Although Dutch is the official language, most everyone speaks English. Under Dutch jurisdiction, the islanders are blessed with the Dutch passion for education and an infrastructure that is as efficient as it is clean and simple.

The Bottom, with about 400 residents, is in a valley among several large hills. The Road, as the island's only road is called, passes through spectacular views to Windwardside, then on to The Bottom, and Fort Bay. In the latter two towns, you will find such amenities as a pub, gift shop, electricity plant, petrol station, dive options, cruise ships and yacht anchorage, car rental agencies, a bank, post office, affordable small inns and guesthouses. Saba villages are chockablock with snug Dutch-styled cottages with red-shingled roofs, white picket fences with green shutters, and loads of tropical flowers and trees. Each village has access to a hospital, school and the like. There is Zen-like peace, and homes at the tops of hills are cooled by sea breezes acting as natural air-conditioning.

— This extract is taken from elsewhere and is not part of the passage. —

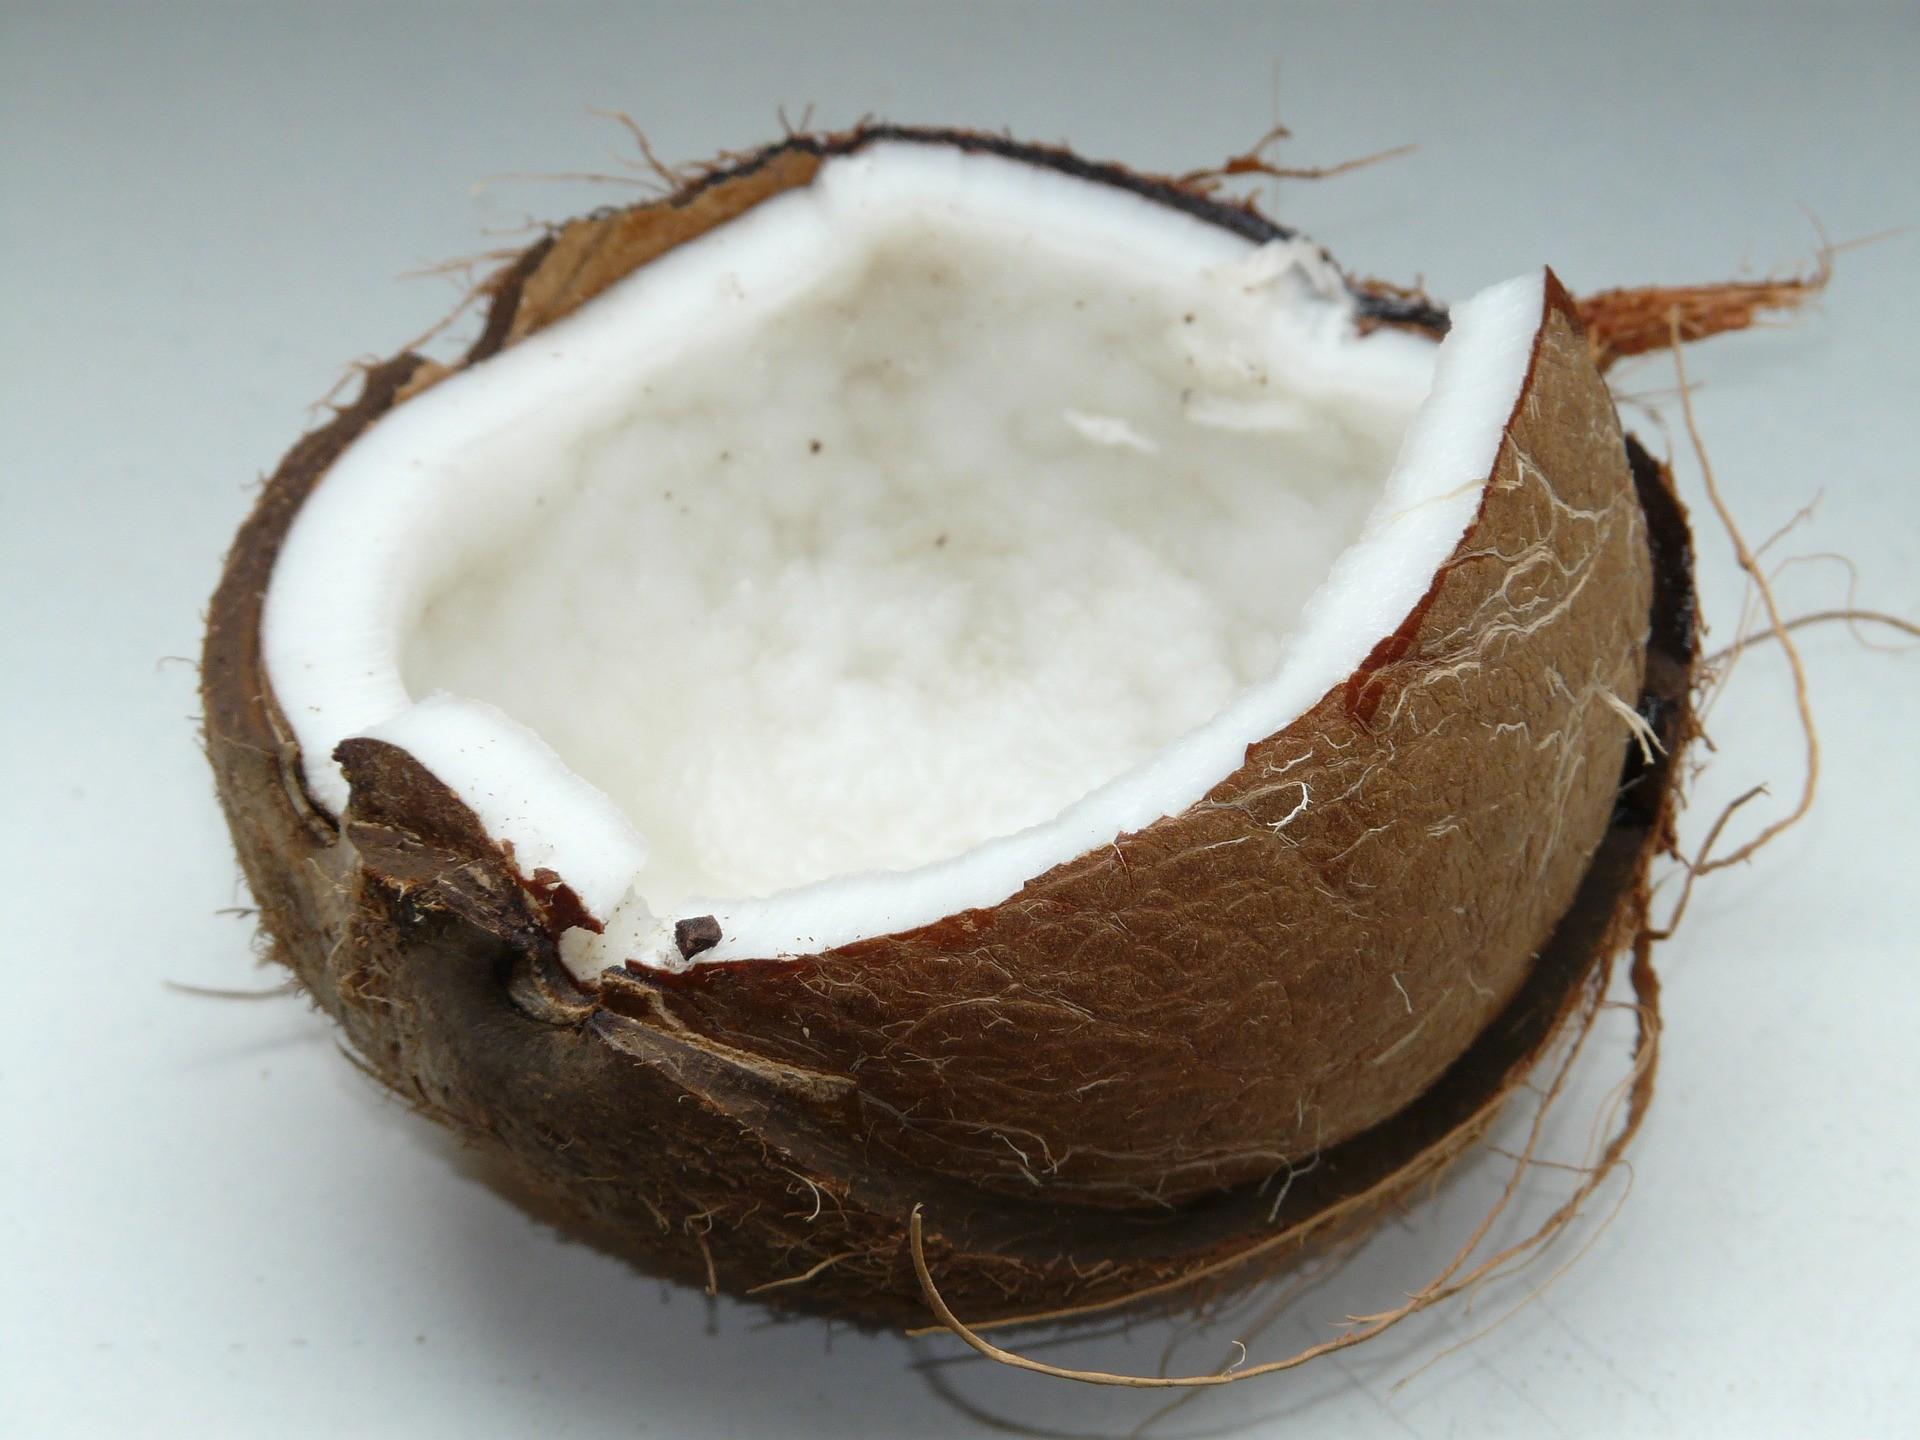 coconut-60395_1920
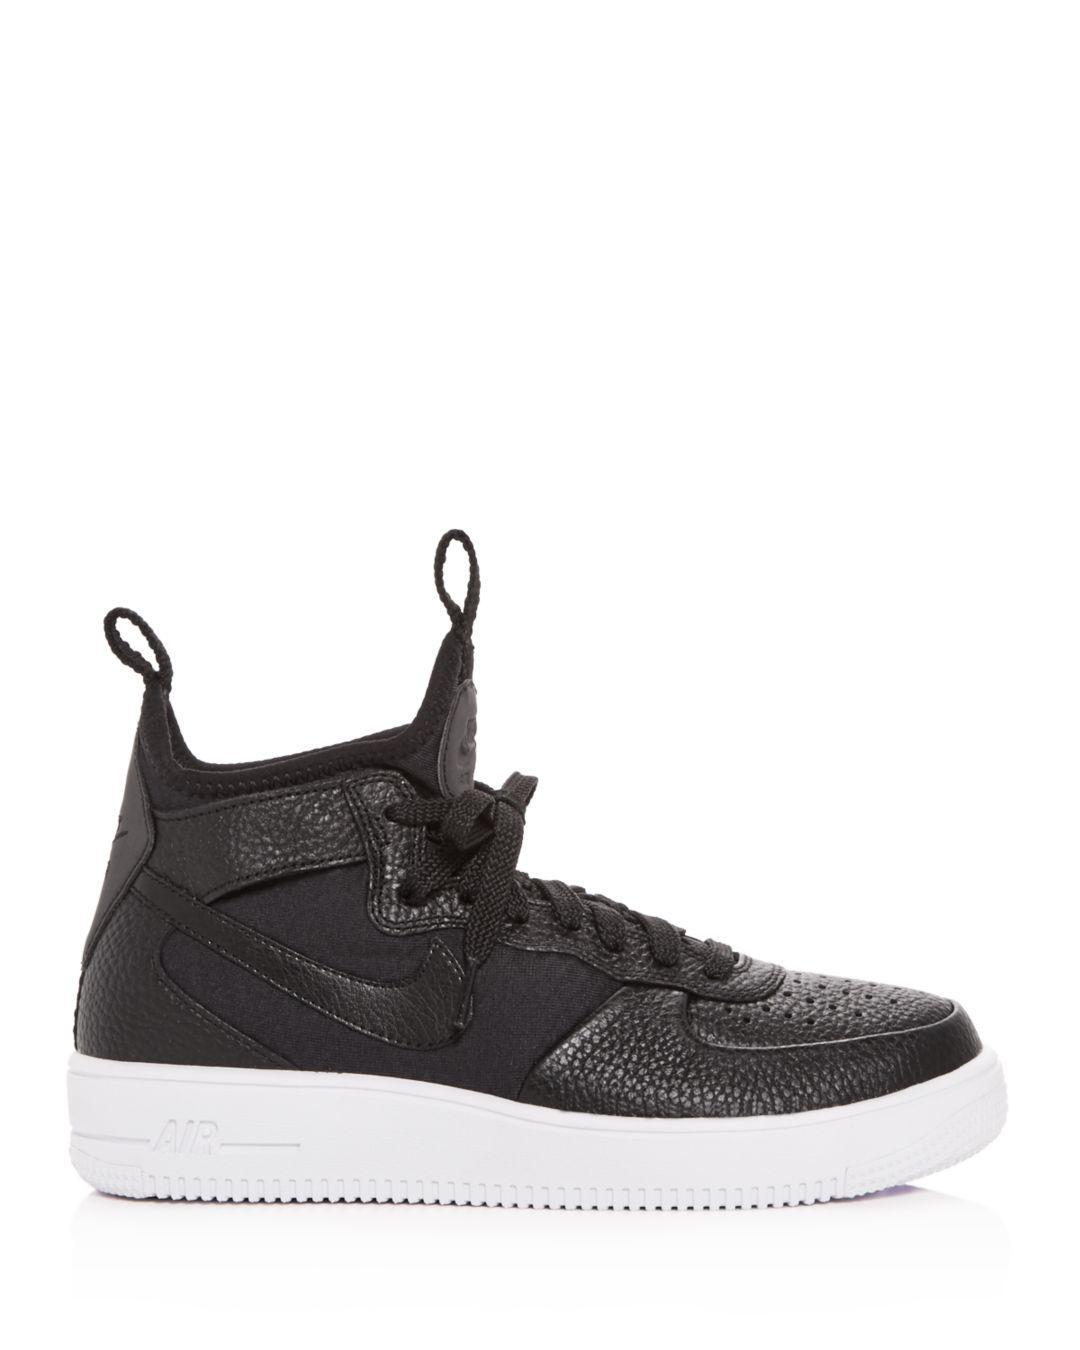 b9ebc789d9f05c Lyst - Nike Women s Air Force 1 Ultraforce Leather Mid Top Sneakers in Black

Best shopping is in Windwardside. A sign on one of the shops tells all you need to know, namely: Gifts, Oddments, and Pretties. The most typical of gifts are Saban lace, called "Spanish work" because the art was imported from Venezuela. Saba is also famous for its potent Saba spice. It is spiced with all kinds of spicy products and then spiked with 151-proof rum.

Among island celebrations are the December Saba Days, featuring parties, dances, and donkey races. Before the "horseless carriage," after all, donkeys were a favourite form of transportation in the Antilles. A Saba Summer Festival is the island's answer to Carnival with calypso contests, talent shows, and a parade. Like all other islands in the Dutch Antilles, one of the biggest holidays is reserved for the Dutch Queen's Birthday, April 30. Saba, after all, is one of five islands governed as the Netherlands Antilles, with its headquarters in Willemstad, Curacao. The other islands are Sint Eustatius, St Maarten, Bonaire, and Curacao. In 1986, the prosperous former Dutch colony of Aruba was granted status as an entity unto itself within the Kingdom of the Netherlands.